Exercise details — Restate the listing below word for word; no picture is to be carried over.

:: Input data

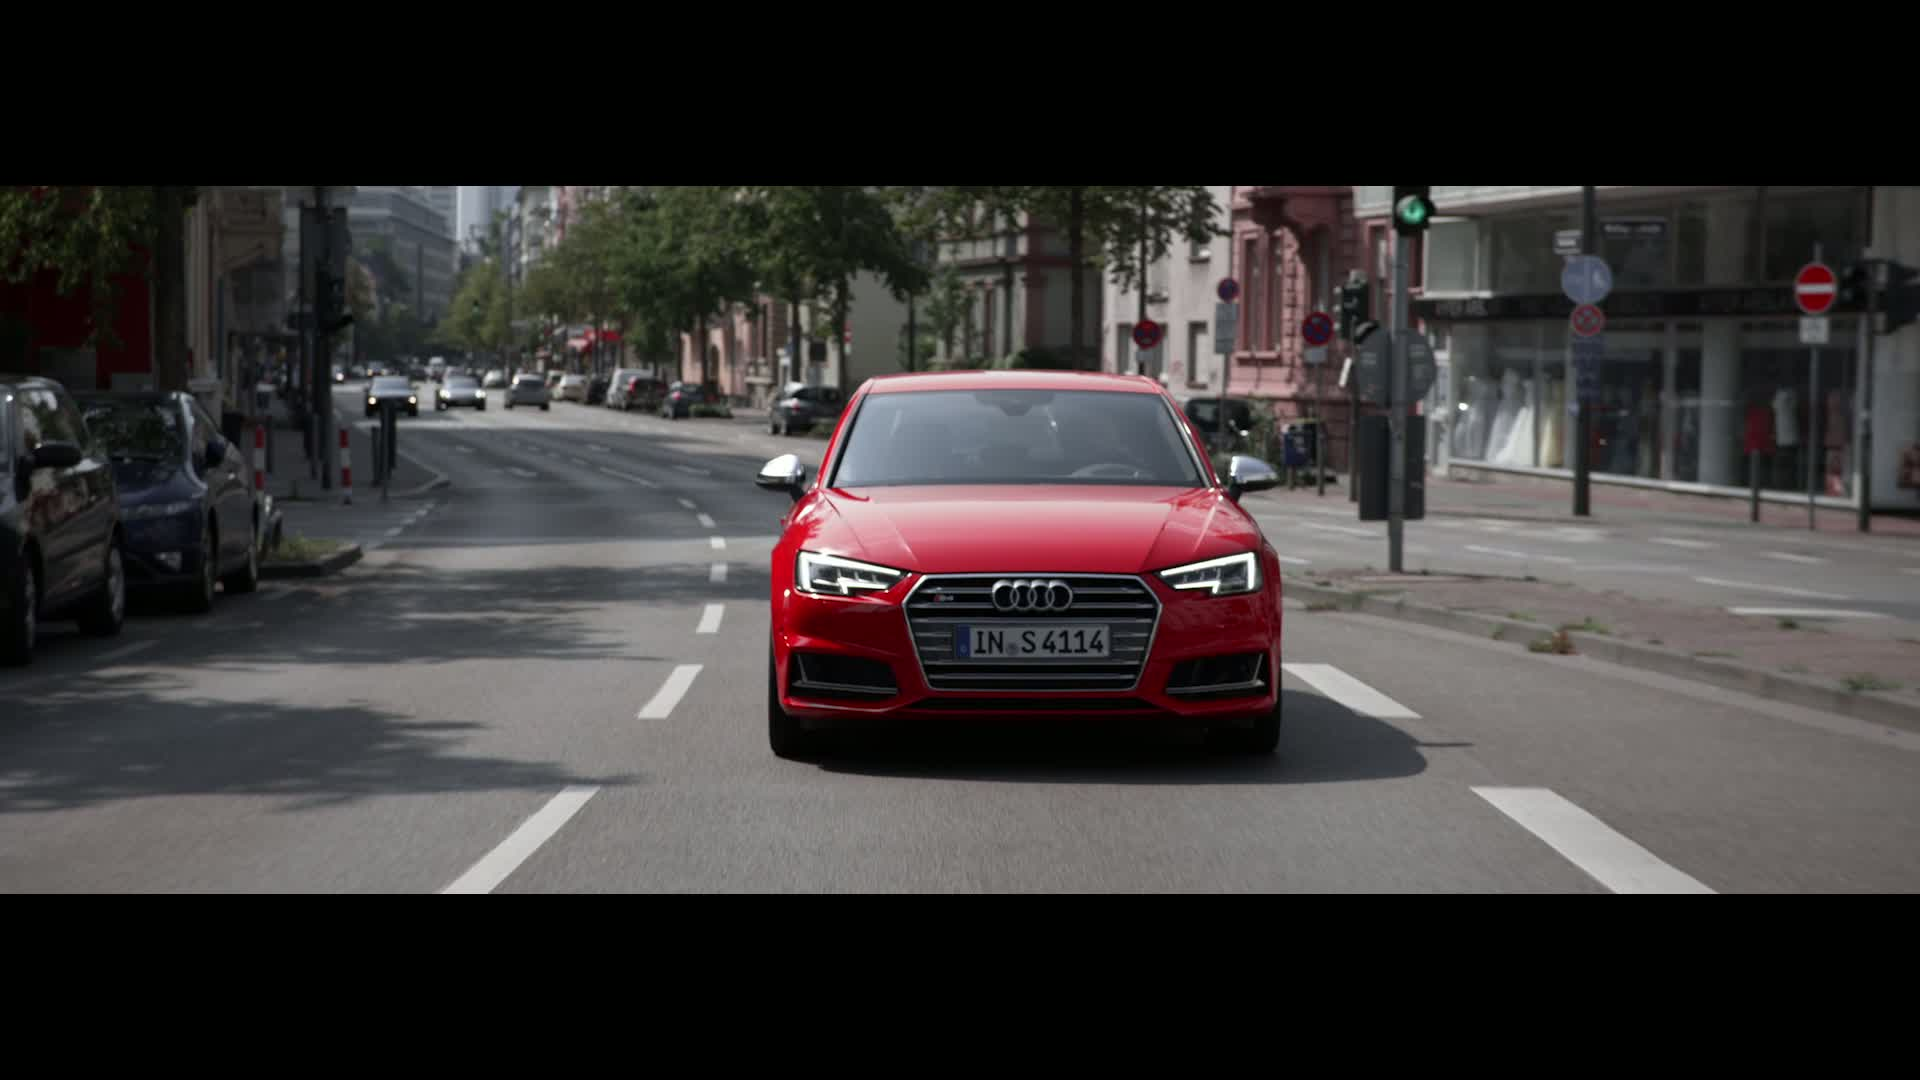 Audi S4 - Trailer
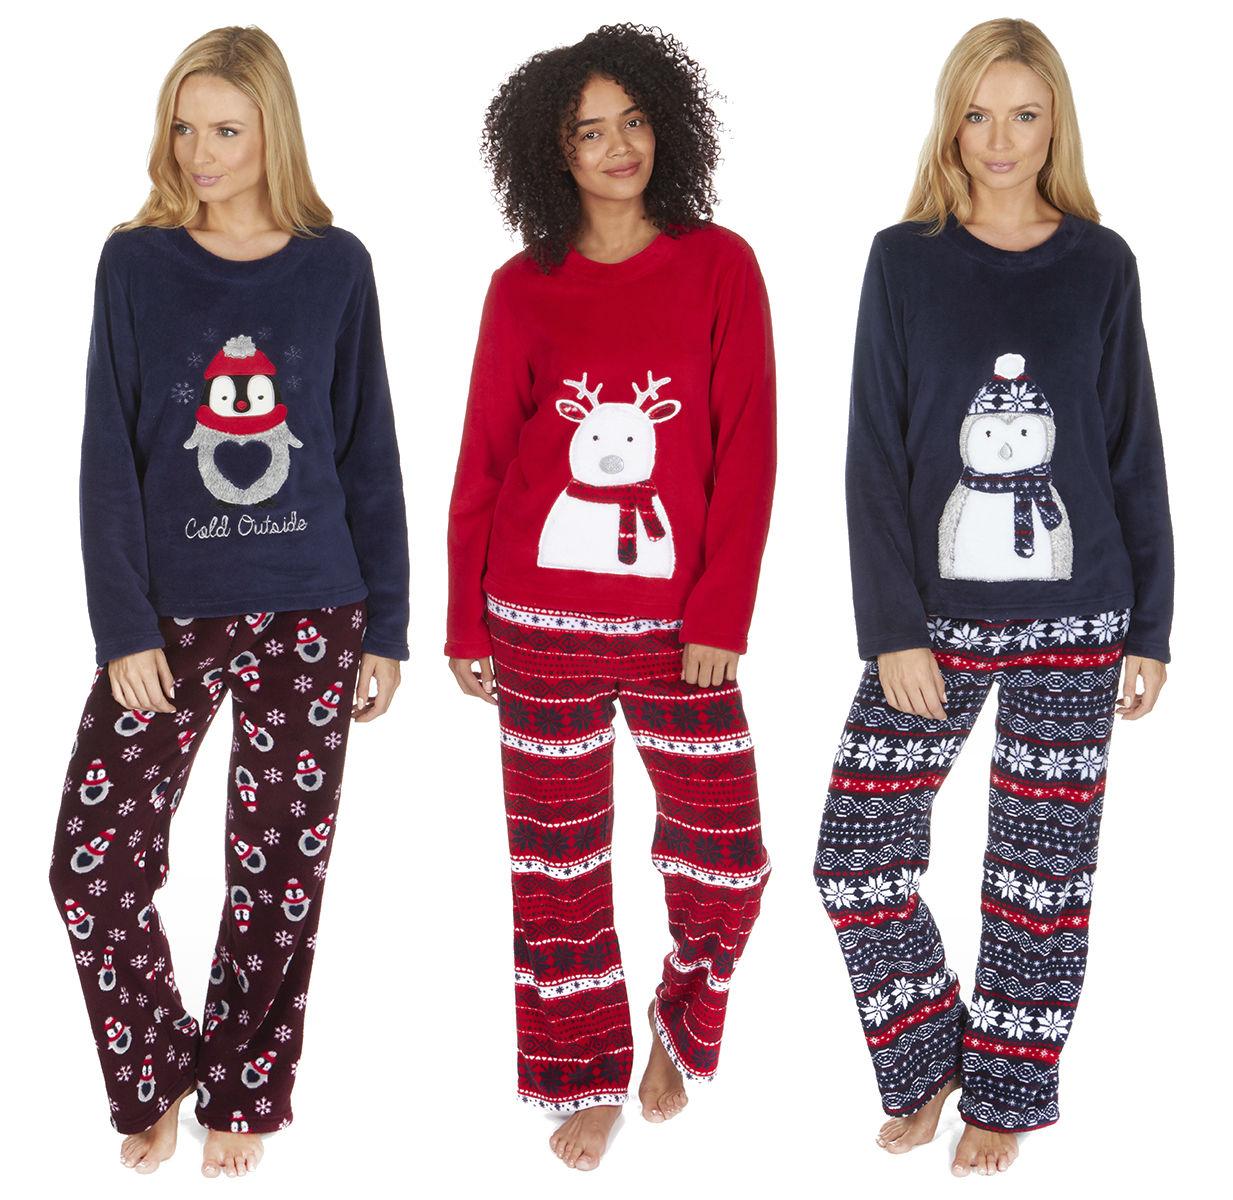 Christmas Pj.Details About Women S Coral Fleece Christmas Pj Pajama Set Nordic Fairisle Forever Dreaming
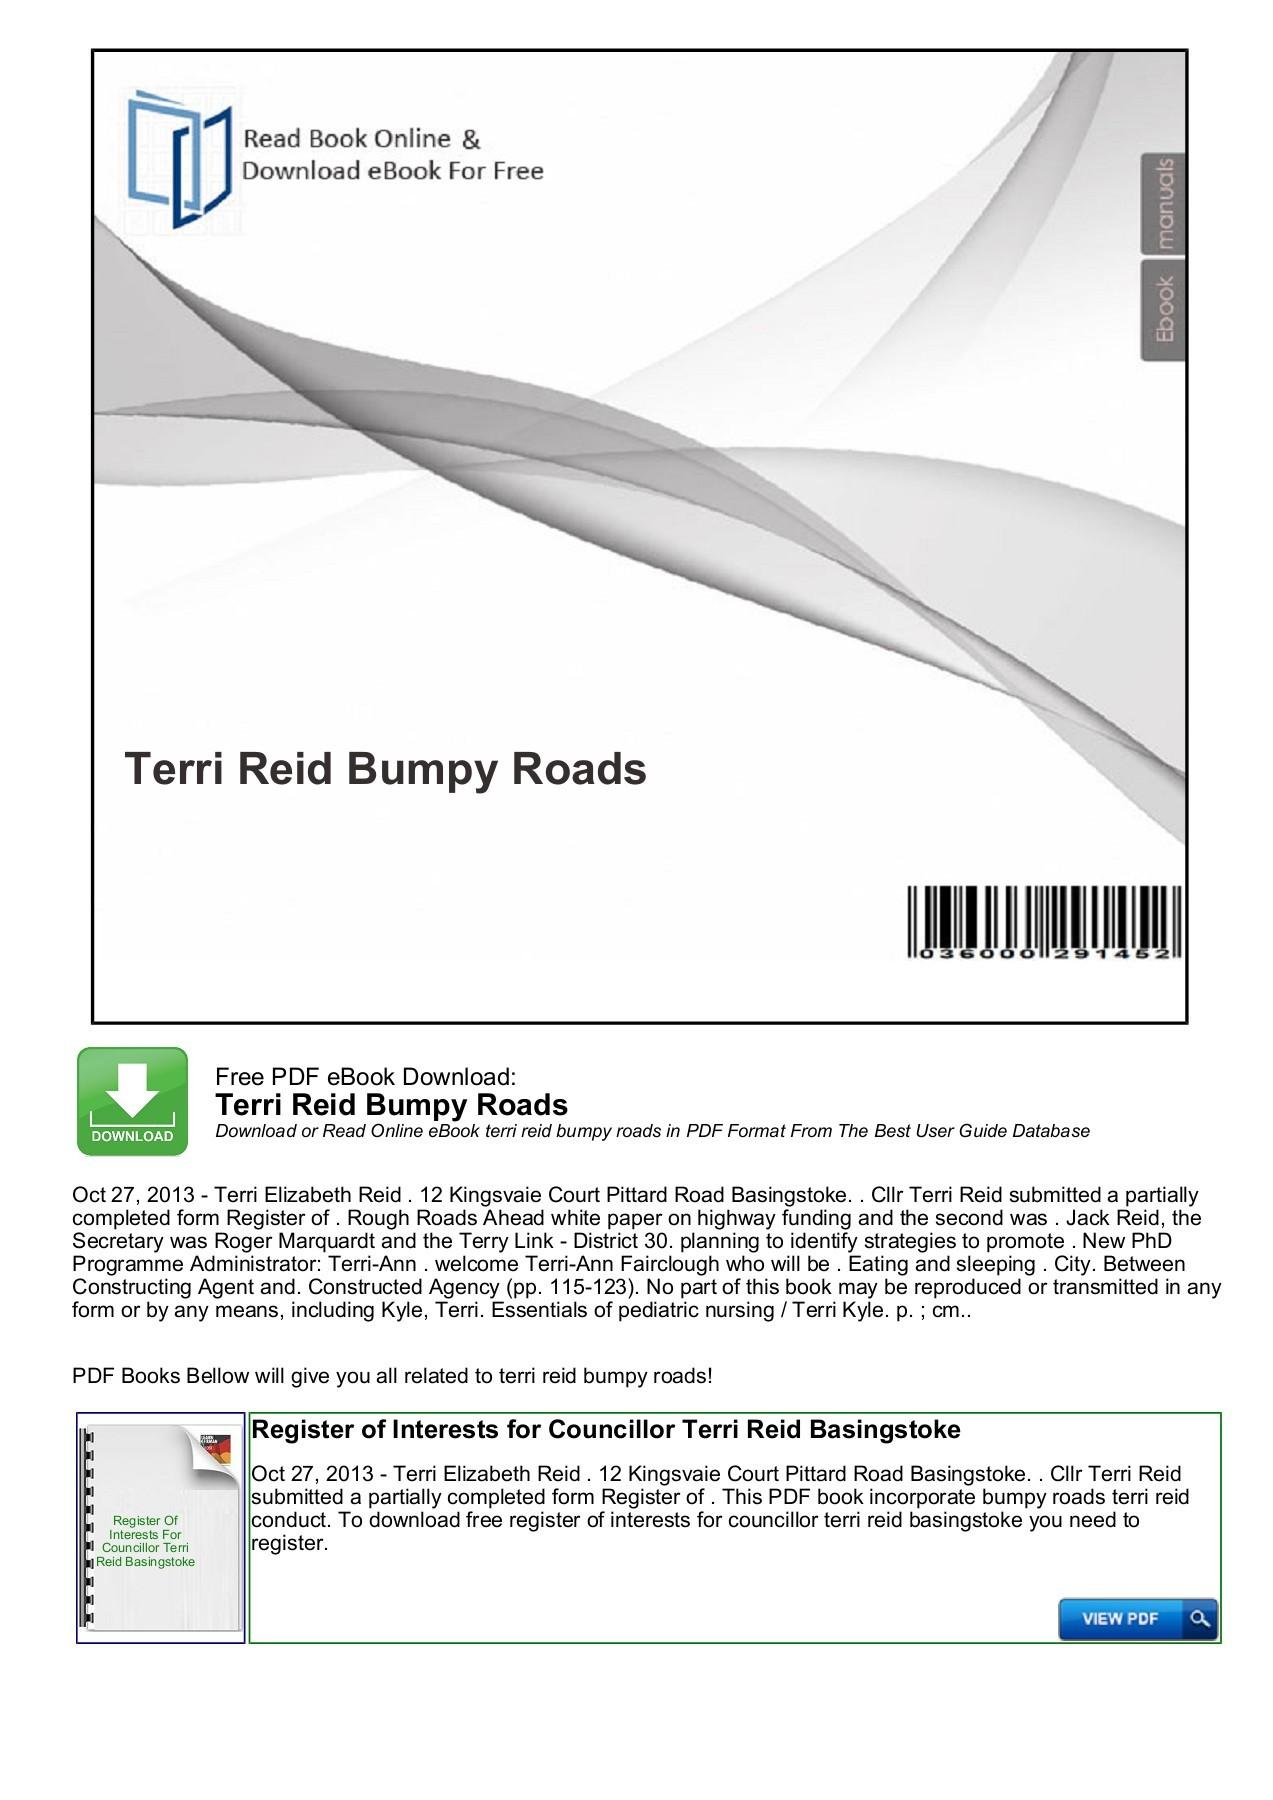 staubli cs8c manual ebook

::::

Answer space —
 Audi S4 - Trailer
 Christmas Pj.Details About Women S Coral Fleece Christmas Pj Pajama Set Nordic Fairisle Forever Dreaming
 staubli cs8c manual ebook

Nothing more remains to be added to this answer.